Abstract |
As the number of processors per chip increases, so does the need for efficient and high-speed communication support. This is necessary so that applications can exploit the numerous cores available in today chip multiprocessors. Although explicit communication mechanisms such as RDMA can be used, implicit migration of data among the cores significantly simplifies the programming effort in large scale systems, by providing a simple and intuitive programming model. This approach, however, introduces a problem known as cache coherence, where multiple copies of the data need to be kept
consistent. An orthogonal solution is to use directory based coherence protocols, which offer increased scalability by reducing the volume of messages exchanged as opposed to broadcast protocols.In this thesis a directory based cache coherence protocol is implemented in a four-core FPGA based prototype that was developed at the CARV (Computer Architecture and VLSI Systems) laboratory of FORTH (Foundation of Research and Technology).
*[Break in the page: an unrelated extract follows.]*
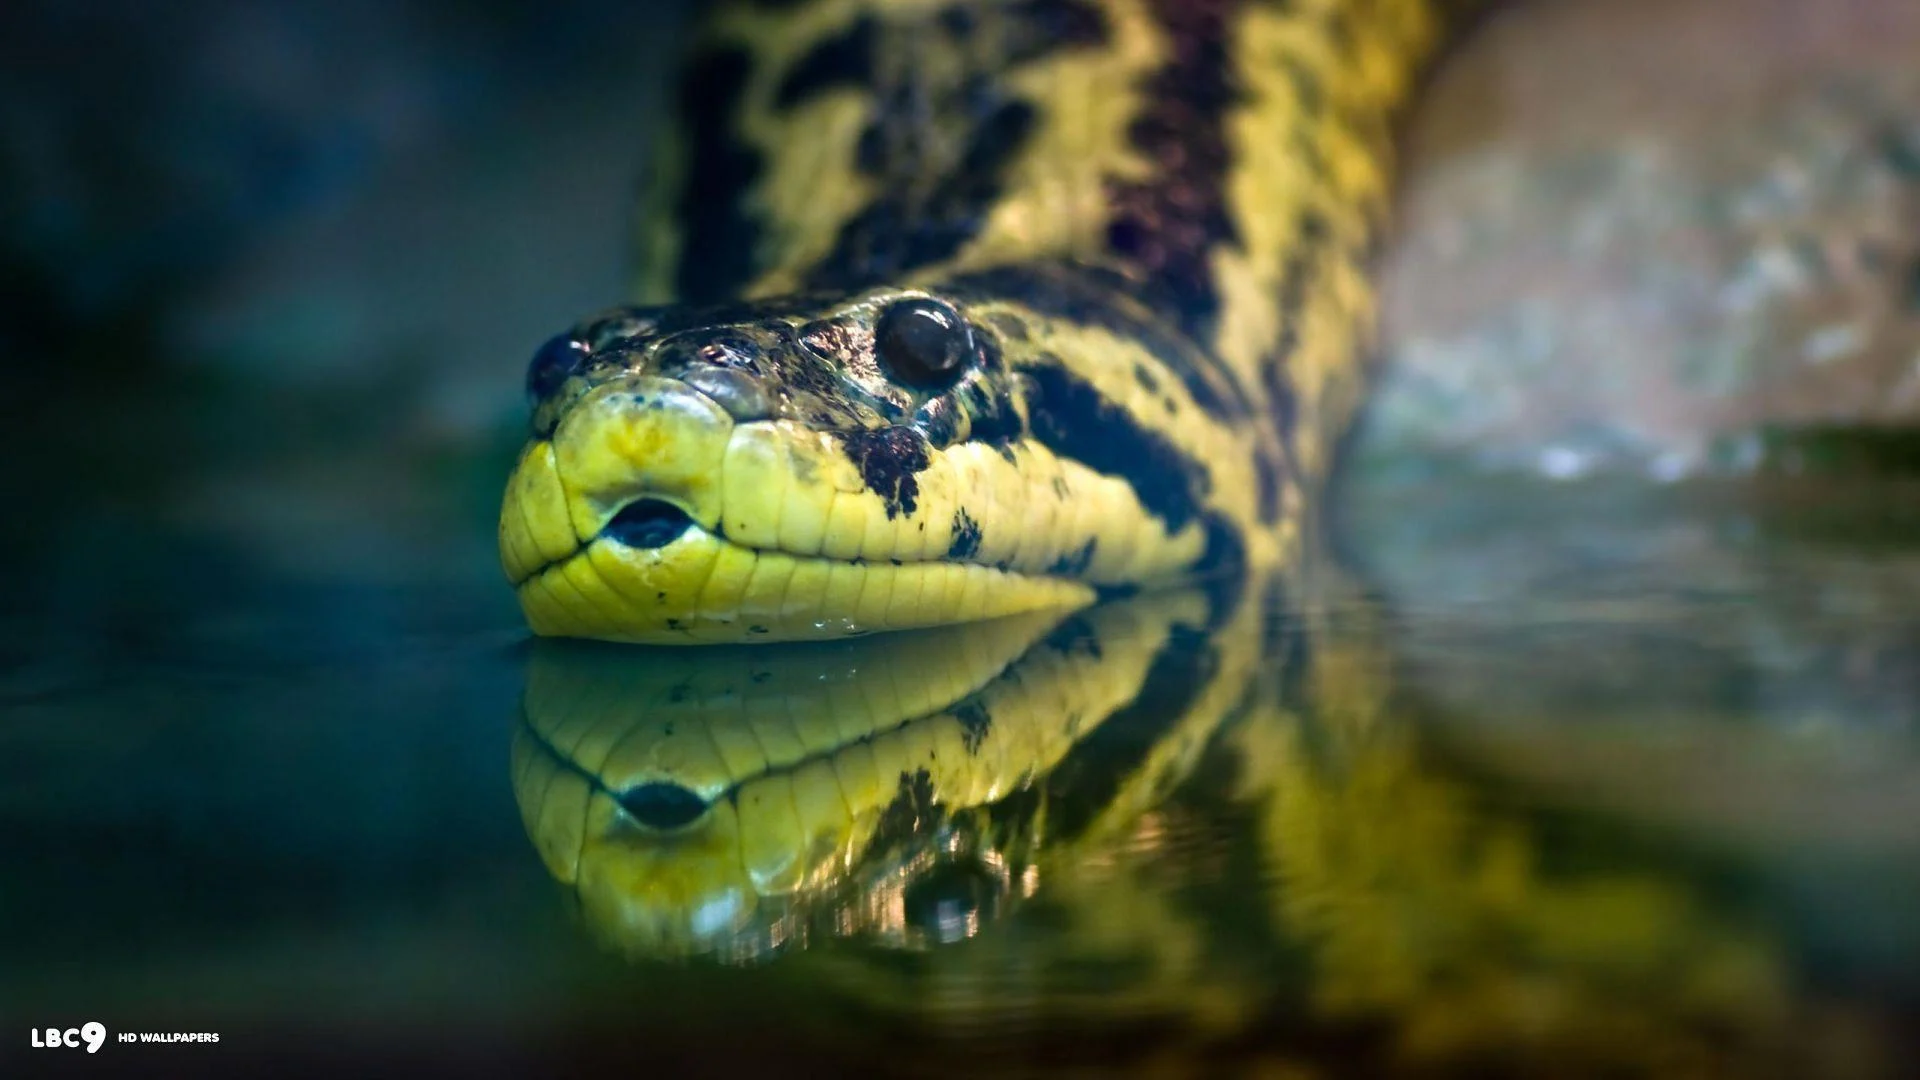 The 5 Biggest Snakes and Serpents in the World

The protocol that was implemented can support up to 16 processors and it is integrated with the existing system which also provide RDMA and special hardware support for synchronization and explicit management of cache memories. Finally, our main finding is that the area overhead of the coherent system as opposed to a non-coherent is only 4% in terms of logic. We evaluate our protocol using custom software micro-benchmarks emulating common operations found in parallel applications such as locks and barriers. Also a matrix multiplication algorithm and a producer-consumer benchmark was developed for evaluating the protocol. Our results show that our design scales for the matrix multiplication algorithm, achieving a speedup that ranges between 3.74 to 1.96.